The audience-favorite Právo Award went to the Czech documentary “We’ve Got to Frame It!”, a tribute to long-time festival president Jiří Bartoška.

In the Proxima competition, the top prize went to “Sand City” (Bangladesh), directed by Mahde Hasan, which the jury described as a “trembling map of the strange, abandoned, and intimate.” A Special Jury Prize went to Colombia’s “Forensics”, lauded for resisting commercialized narratives of Latin American violence with “truth, ethics, and poetry.”

Belgium’s “Before / After”, by Manoël Dupont, received a special mention for its gentle story of a hair transplant road trip turned love story, praised for its “warmth and humility.”

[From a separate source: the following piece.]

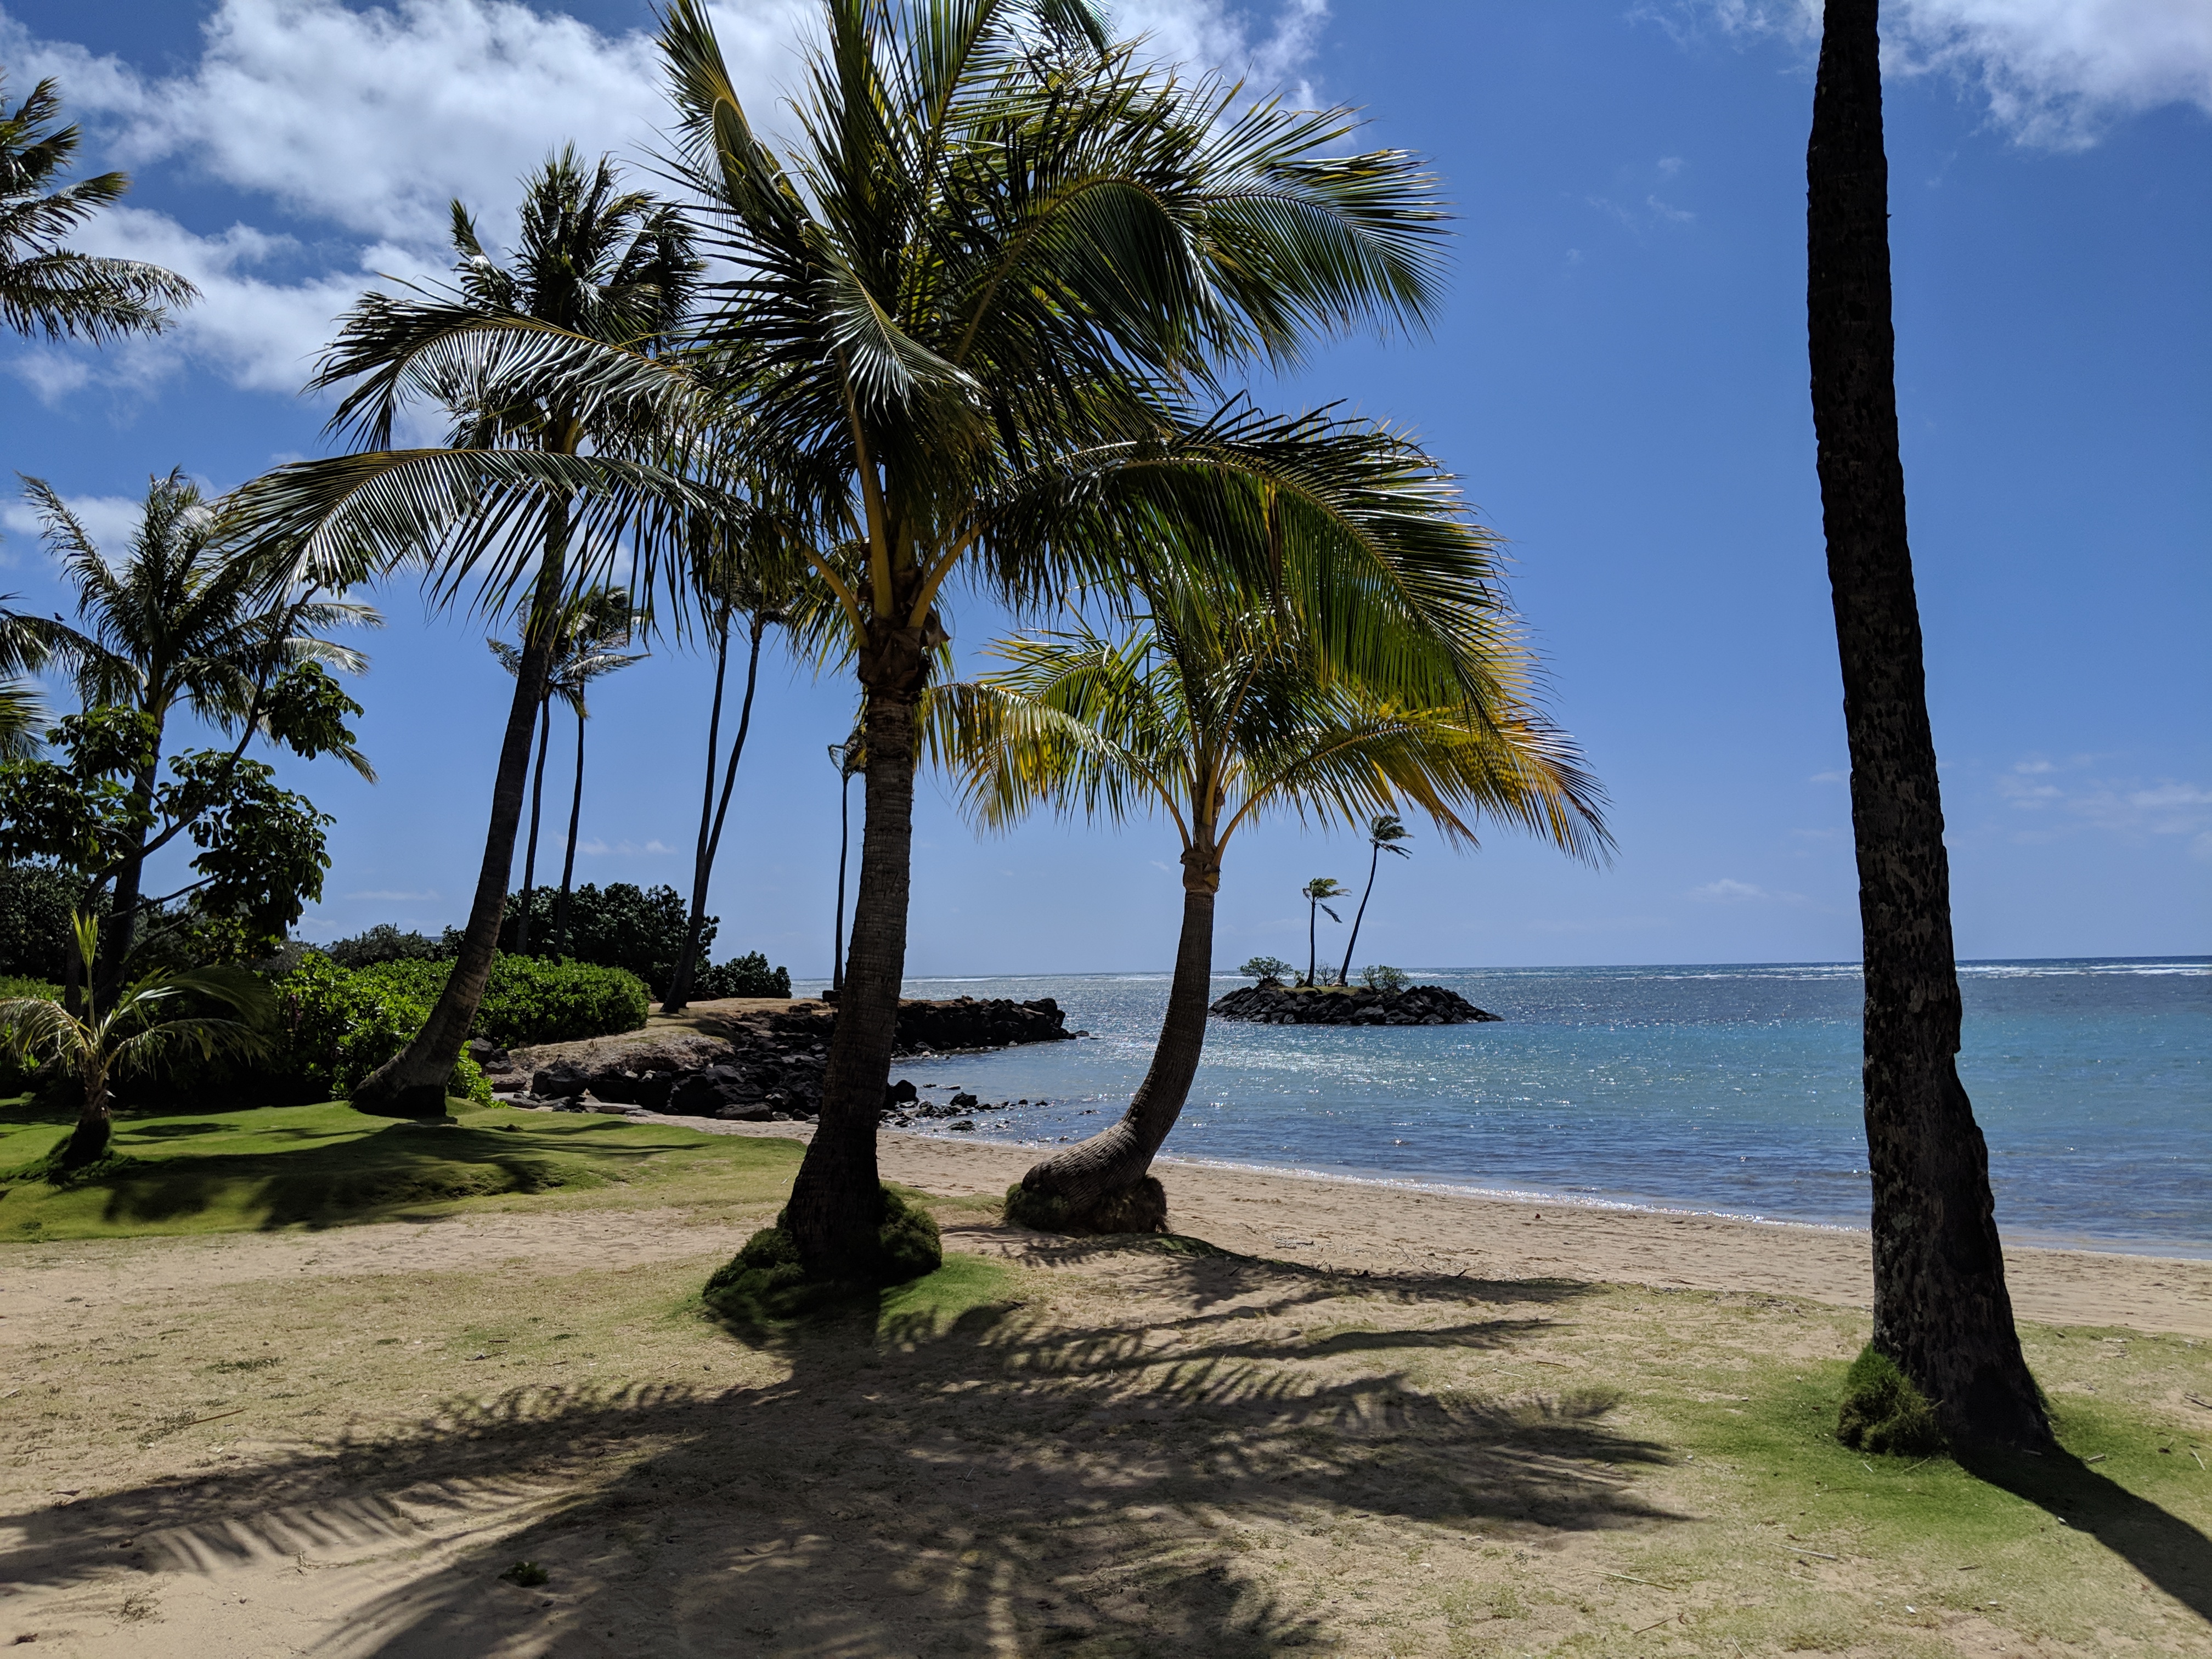 Hawaii Vacation Pt. 2 – Oahu (The Gathering Place)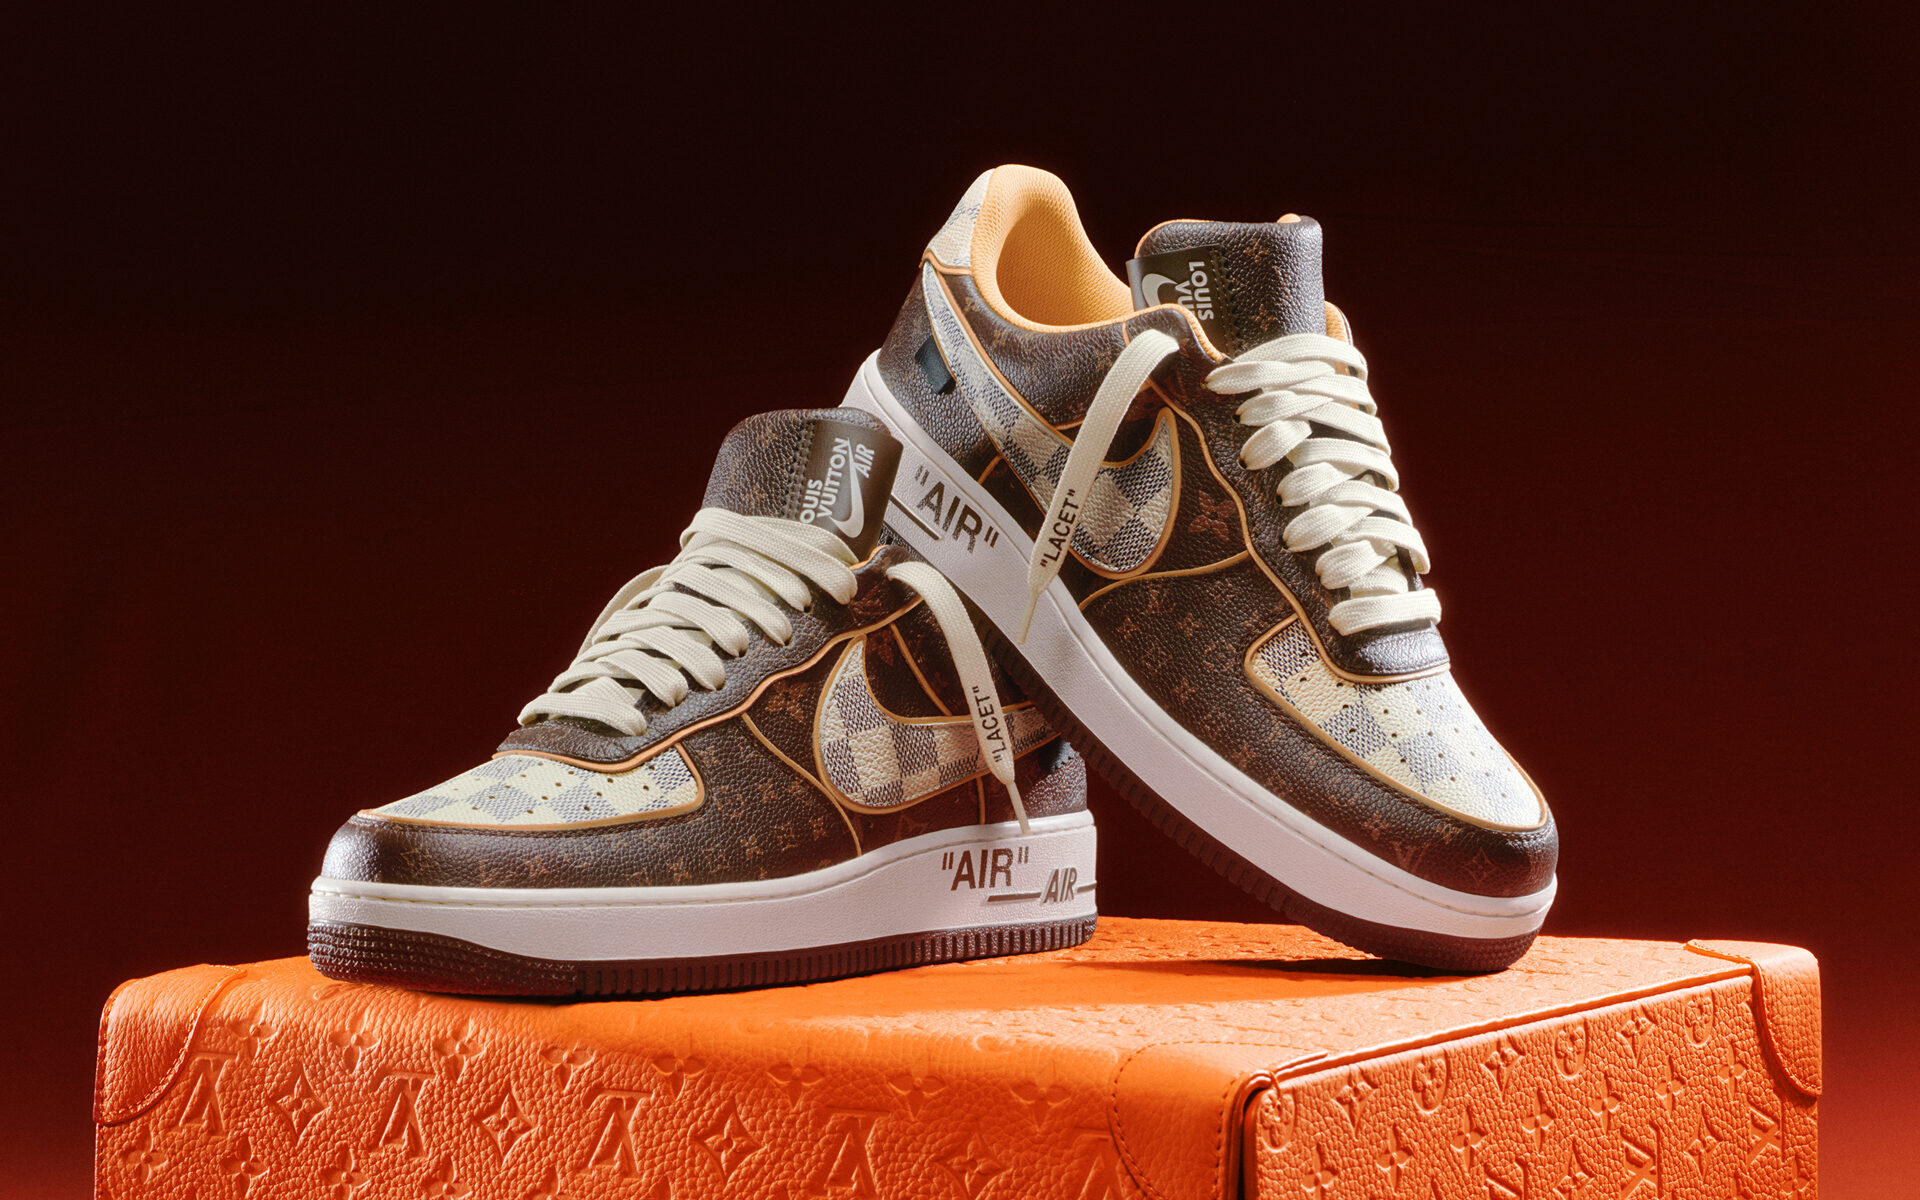 Sotheby's Auction Achieves $25.3 Million in Sale of 200 Pairs of Louis  Vuitton Virgil Abloh-designed Air Force 1s - Galerie

Among honorary awards, Stellan Skarsgård received the Crystal Globe for Outstanding Artistic Contribution. Czech editor Jiří Brožek and actors Vicky Krieps, Dakota Johnson, and Peter Sarsgaard were honored by the festival’s president.

Other jury recognitions included:

  • Ecumenical Jury Grand Prize: “Rebuilding” (USA), by Max Walker Silverman
  • Commendation: “Cinema Jazireh” (Turkey/Iran/Bulgaria/Romania), by Gözde Kural
  • Europa Cinemas Label Award: “Broken Voices” by Ondřej Provazník
  • FIPRESCI Awards: “Out of Love” (France) and “Before / After” (Belgium)
  • In the Eastern Promises industry section, Croatia’s “History of Illness” won the Midpoint Development Award. The Eurimages Co-Production Awards went to “Battalion Records” (Romania) and “In Vacuo” (Ukraine/Germany).

The next edition — the festival’s 60th — is scheduled for July 3–11, 2026.